В мать закрадывается подозрение, что господин Клеммер после давно закончившегося домашнего концерта пытается вбить клин между матерью и дочерью. Очень милый молодой человек, но мать он Эрике не заменит, мать существует только в единственном образце, в оригинале. Если ее дочь и сегодня с Клеммером, то уж это в последний раз. Совсем скоро денег хватит на то, чтобы приобрести в рассрочку новую квартиру. Мать ежедневно строит новые планы и снова их отбрасывает, пытаясь придумать причину, почему дочь и в новой квартире будет спать с ней в одной постели. Железо — Эрику — нужно ковать сейчас, пока горячо. И пока в ней не возникнет горячки по поводу этого Вальтера Клеммера. Мать перебирает причины: пожар, воровство, взлом, лопнувшая труба, высокое давление — мать, того и гляди, хватит удар, ночные страхи общего и частного порядка. Мать каждый день по-новому обставляет комнату Эрики в новой квартире, и каждый раз еще более изысканно, чем в предыдущий. Об отдельной кровати для дочери не может идти и речи, самая большая уступка — удобное кресло.

Мать решает прилечь, однако снова вскакивает на ноги. Она уже в ночной рубашке и в халате. Она мечется по квартире словно тигрица, переставляя безделушки с привычных мест. Она смотрит на все часы, которые есть в доме, выравнивает стрелки. Ребенку за все это придется расплачиваться.

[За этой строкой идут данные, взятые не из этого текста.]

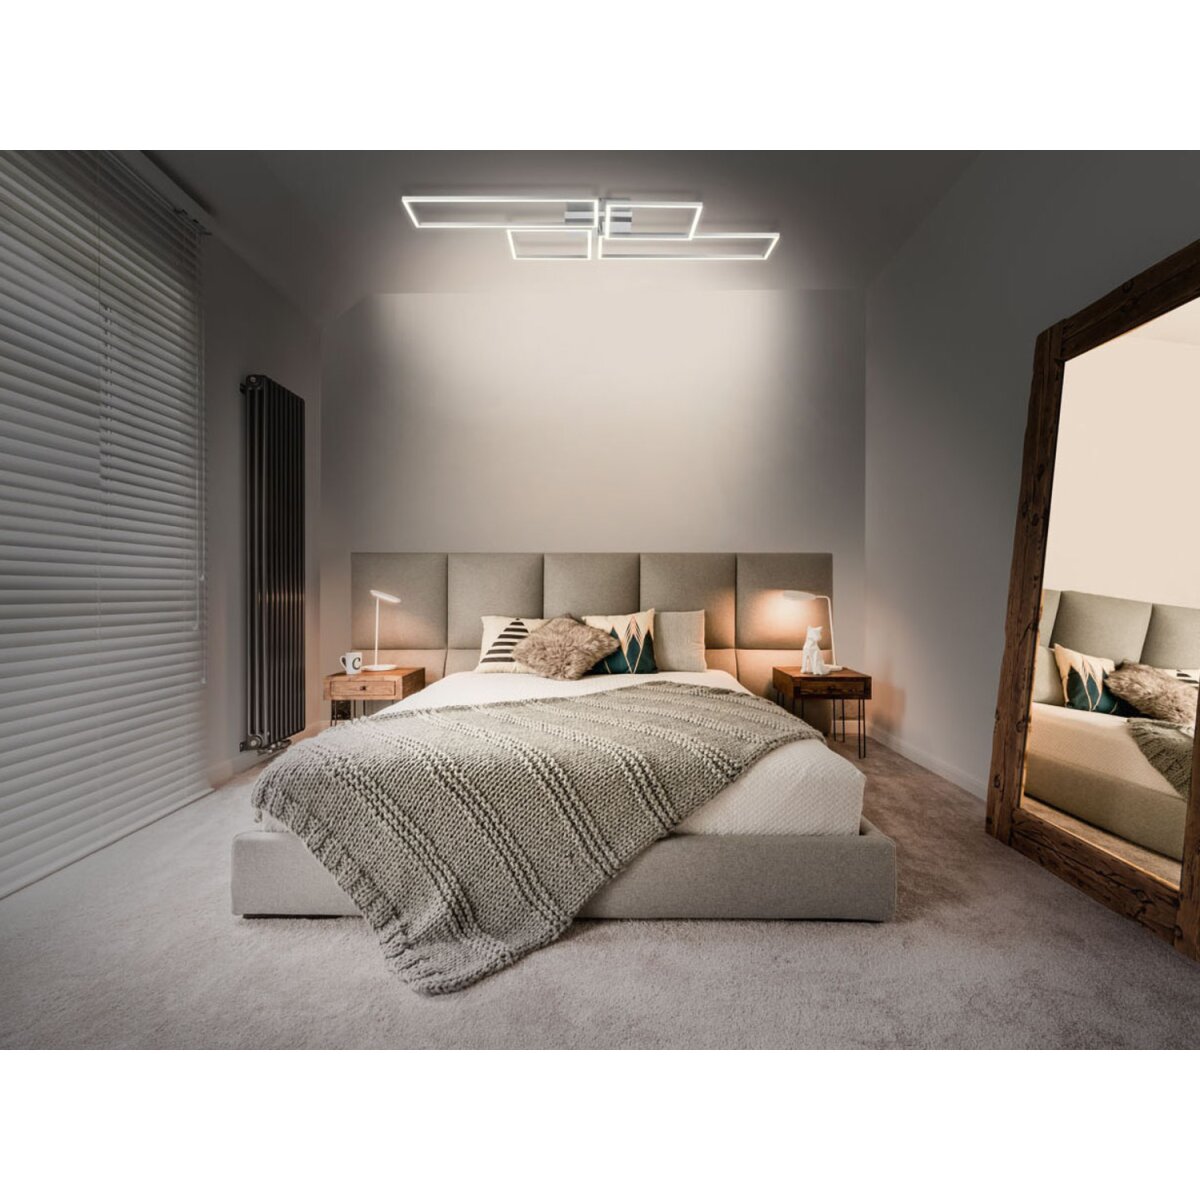 LIVARNO home Deckenleuchte, mit Lichtfarbensteuerung »Zigbee Smart Home« -  B-Ware neuwertig, 54,99 €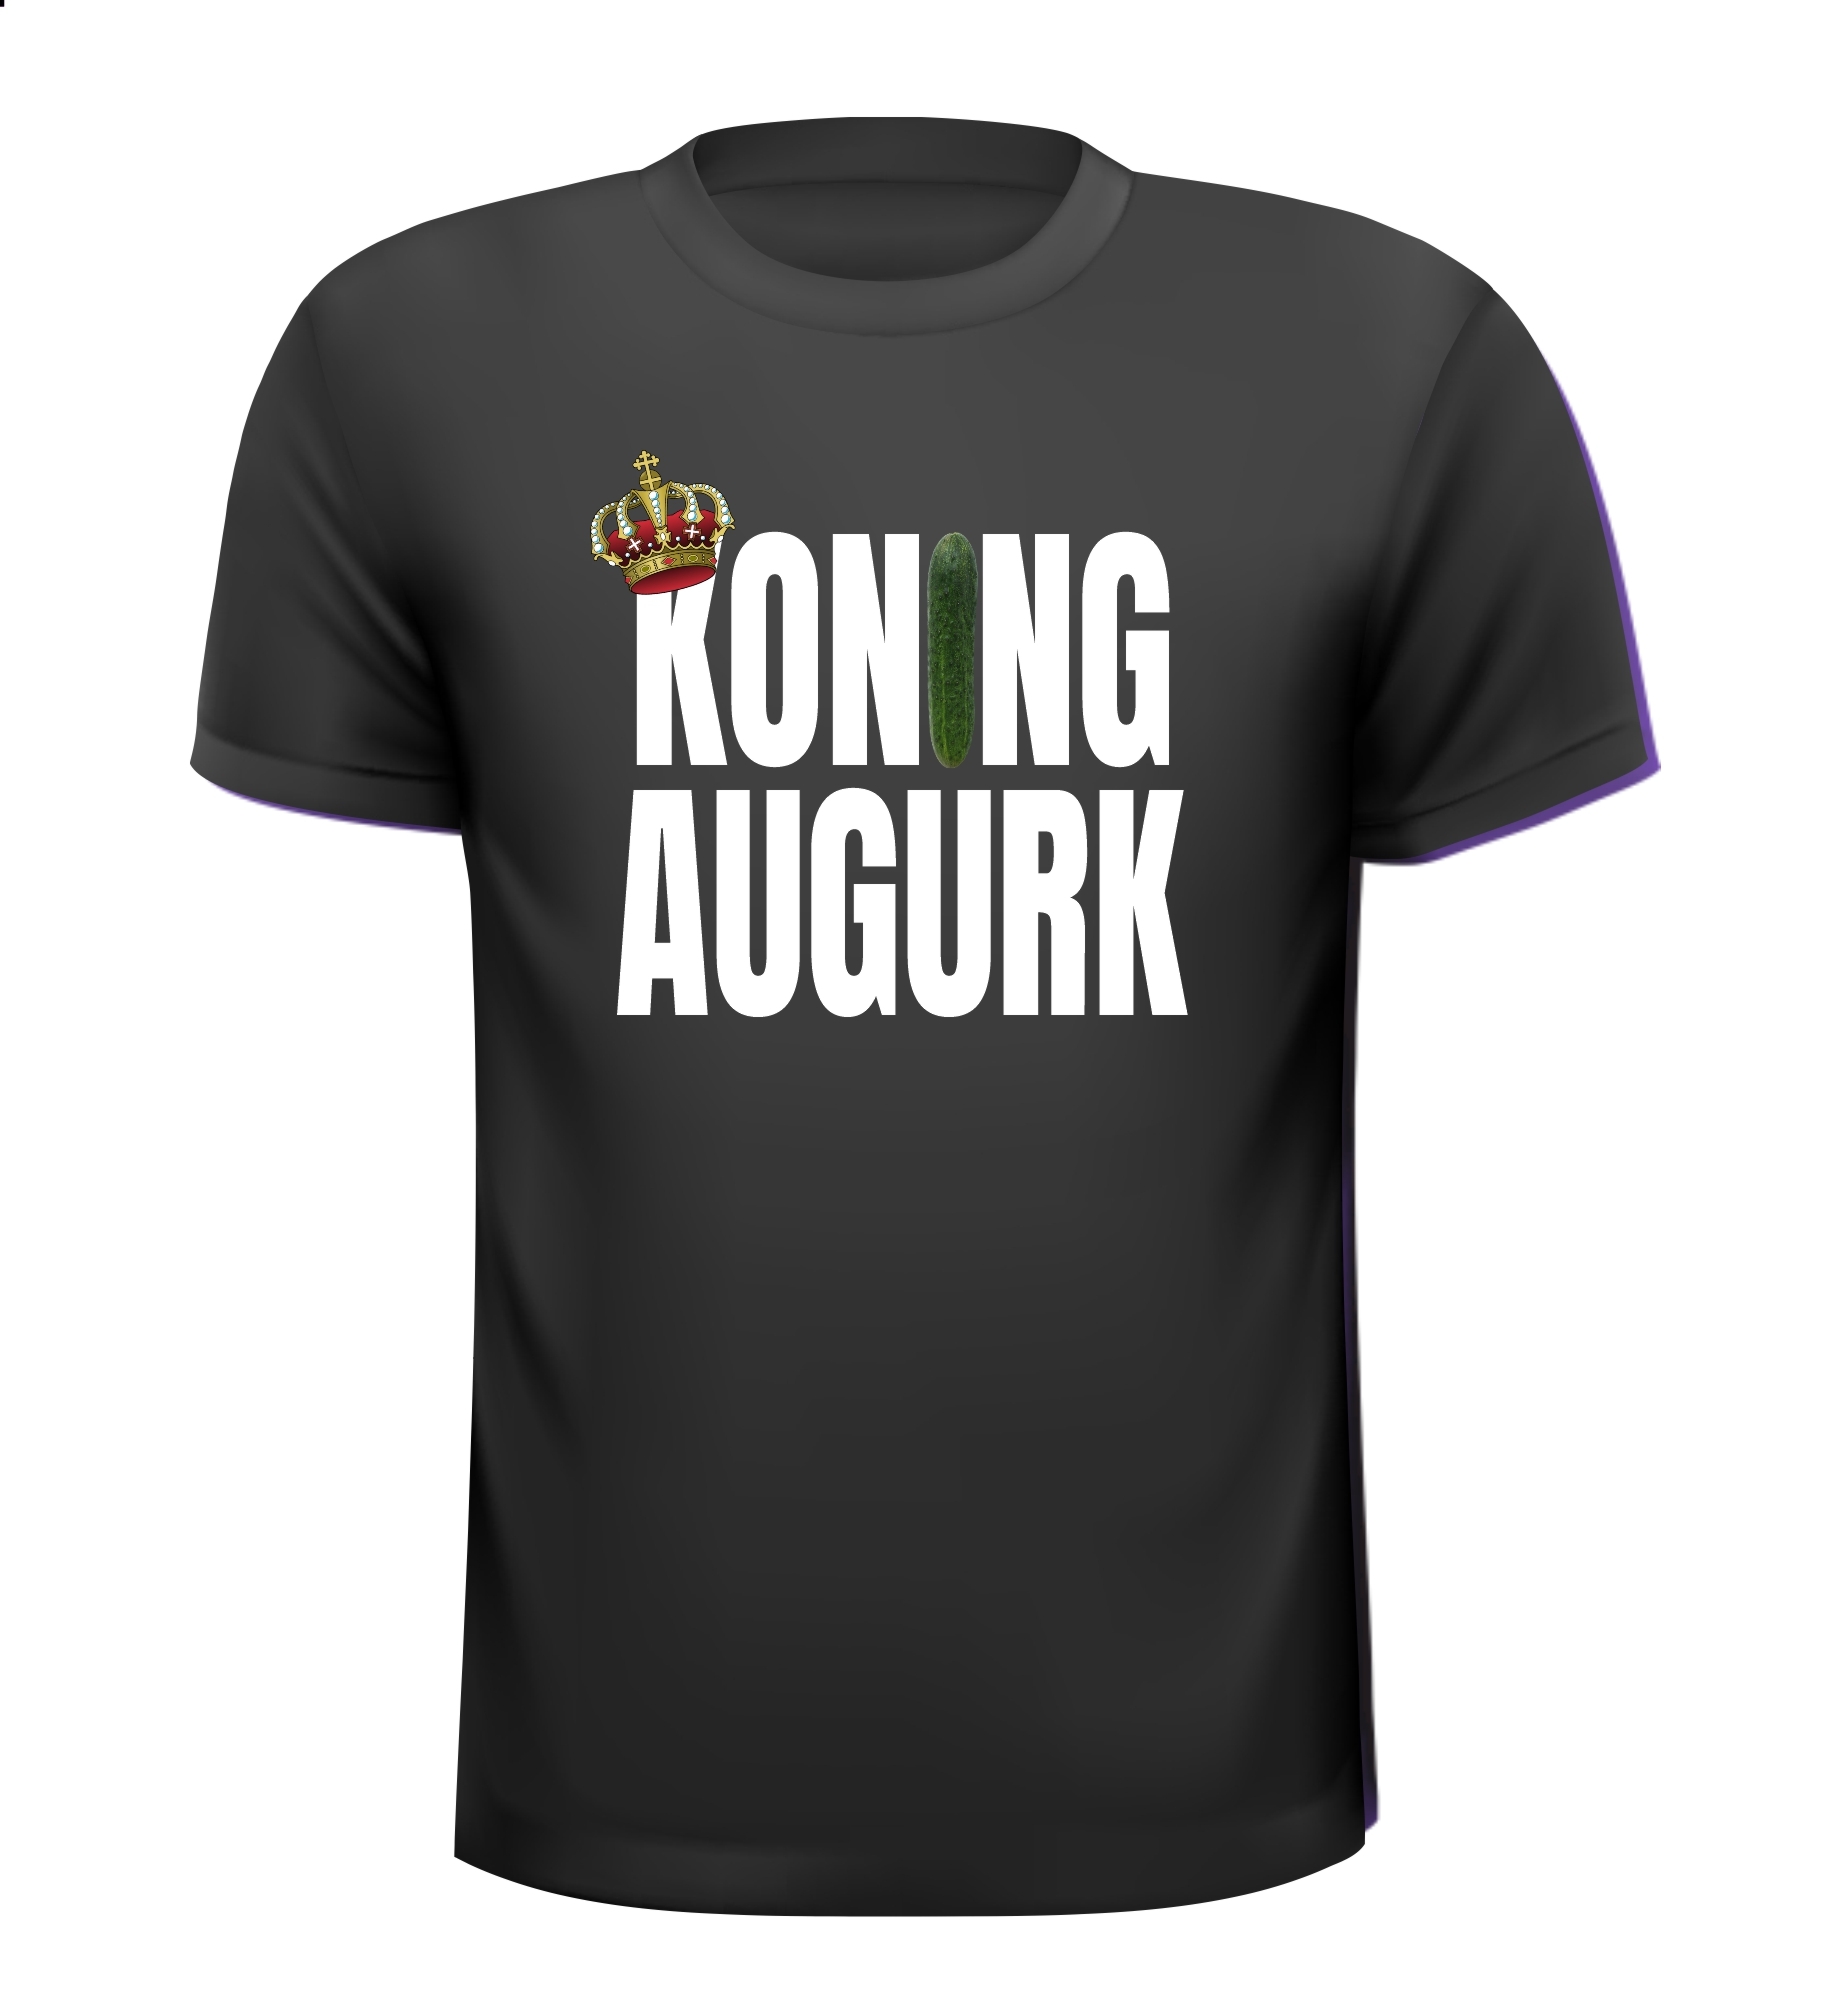 T-shirtje voor koning augurk

Стоп, хватит, сейчас она покажет ей как следует: замок входной двери отчетливо щелкает, ключ коротко поворачивается, и вот распахиваются врата в серую и мрачную страну материнской любви. Входит Эрика. Она жмурится от яркого света в передней, словно «ночная бабочка», которая слишком много выпила. Свет включен во всех комнатах, словно на праздник, однако время святой вечери давно и бесполезно миновало.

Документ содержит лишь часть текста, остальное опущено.